### INSTRUCTIONS FOR THE TASK:
The full listing, written out exactly and without images, is the expected result.

### DATASET SECTION:
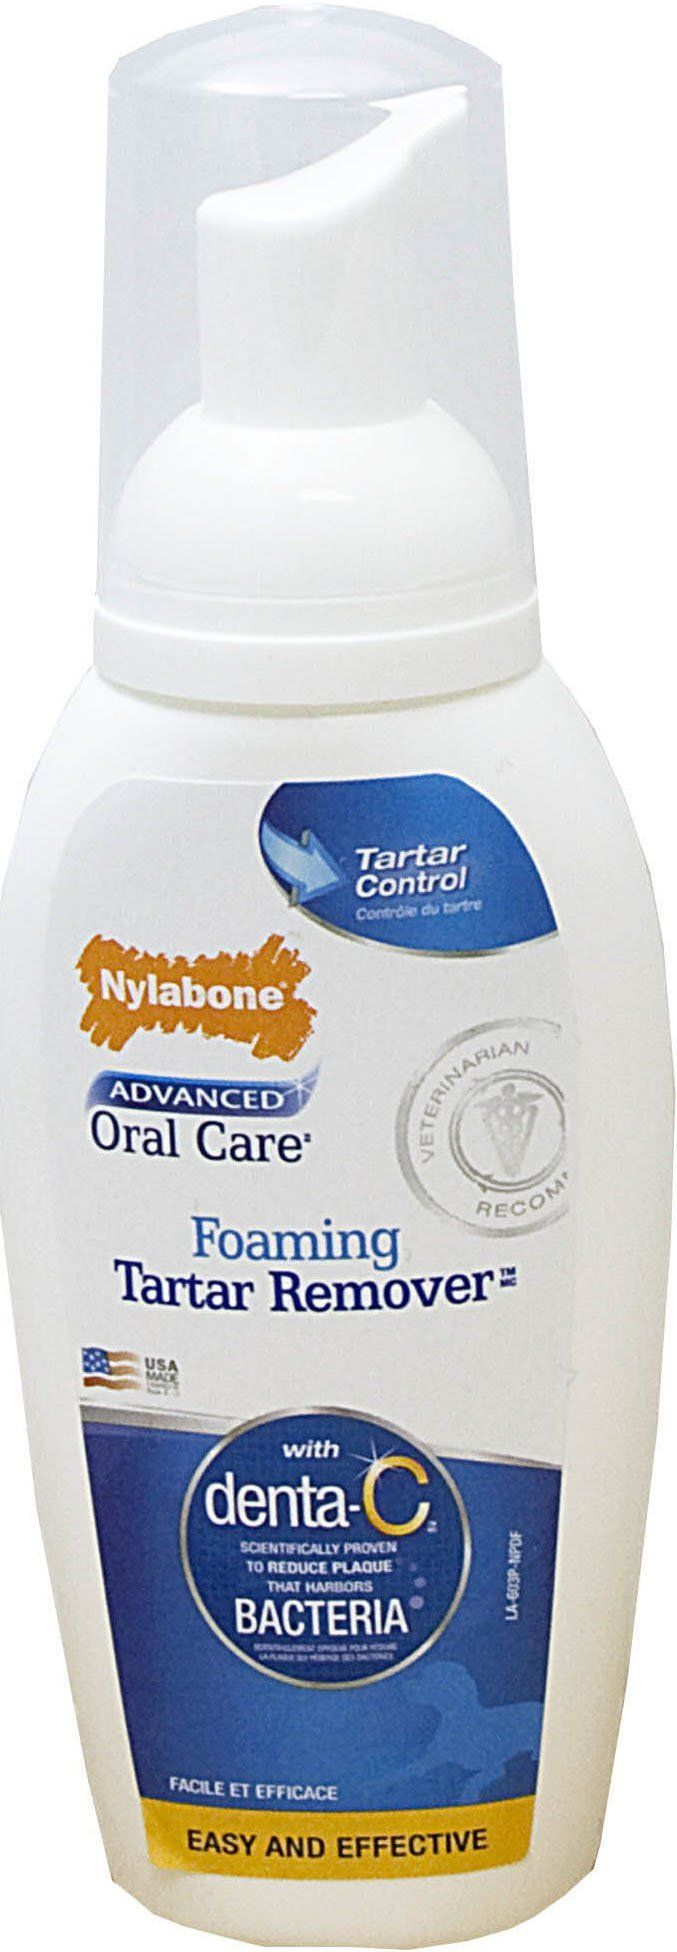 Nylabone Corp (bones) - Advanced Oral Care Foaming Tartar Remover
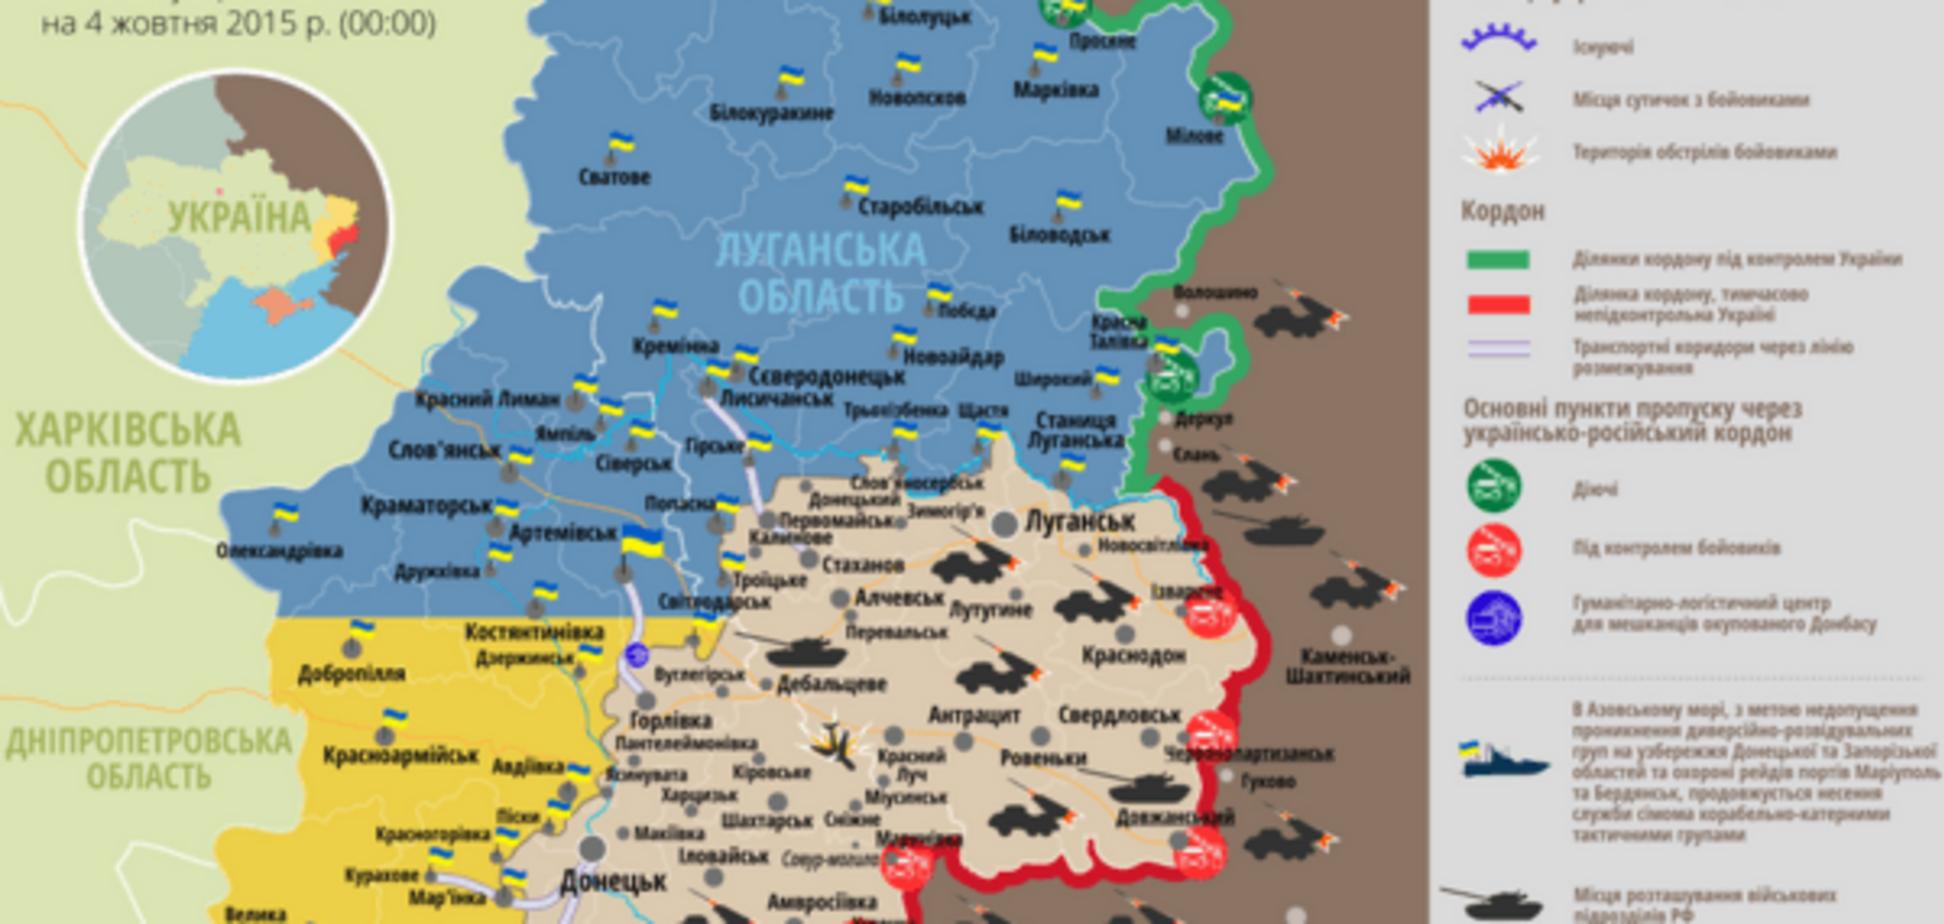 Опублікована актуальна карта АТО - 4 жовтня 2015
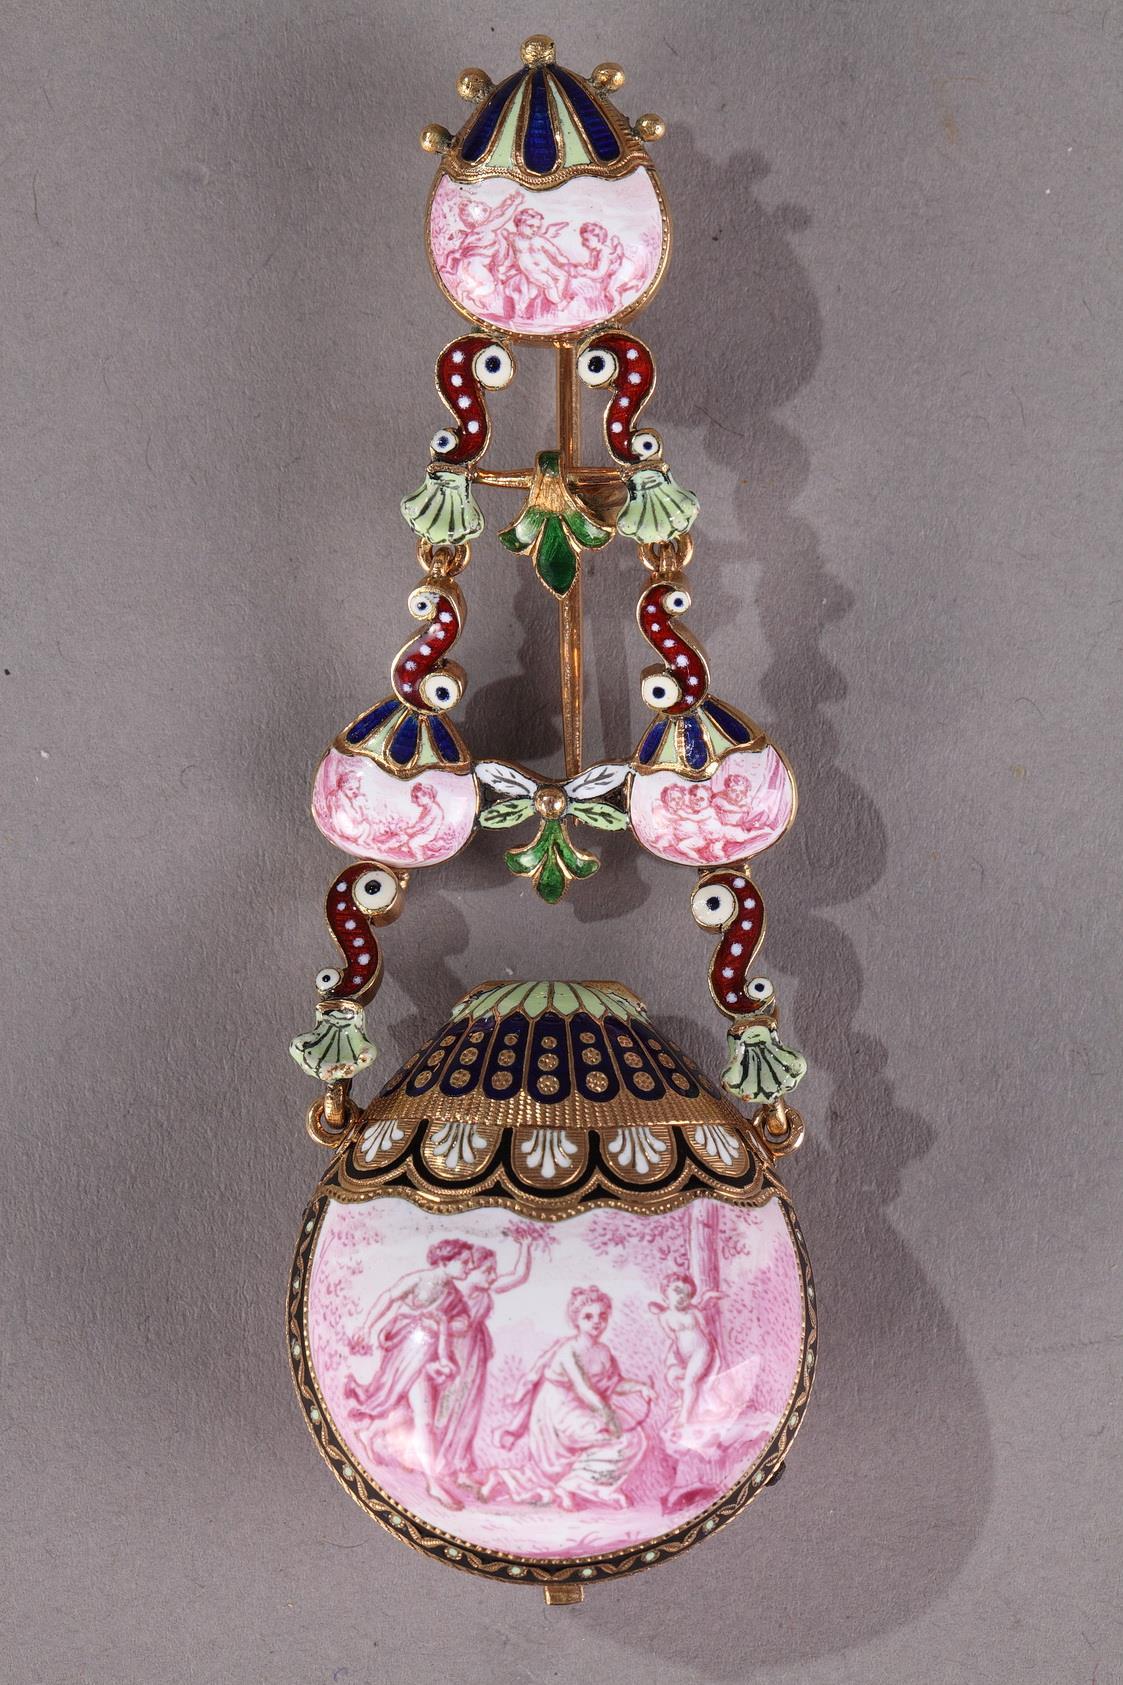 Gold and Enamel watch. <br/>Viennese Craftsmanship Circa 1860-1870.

### OUTPUT OF THE TASK:
 Nylabone Corp (bones) - Advanced Oral Care Foaming Tartar Remover
 Опублікована актуальна карта АТО - 4 жовтня 2015
 Gold and Enamel watch. <br/>Viennese Craftsmanship Circa 1860-1870.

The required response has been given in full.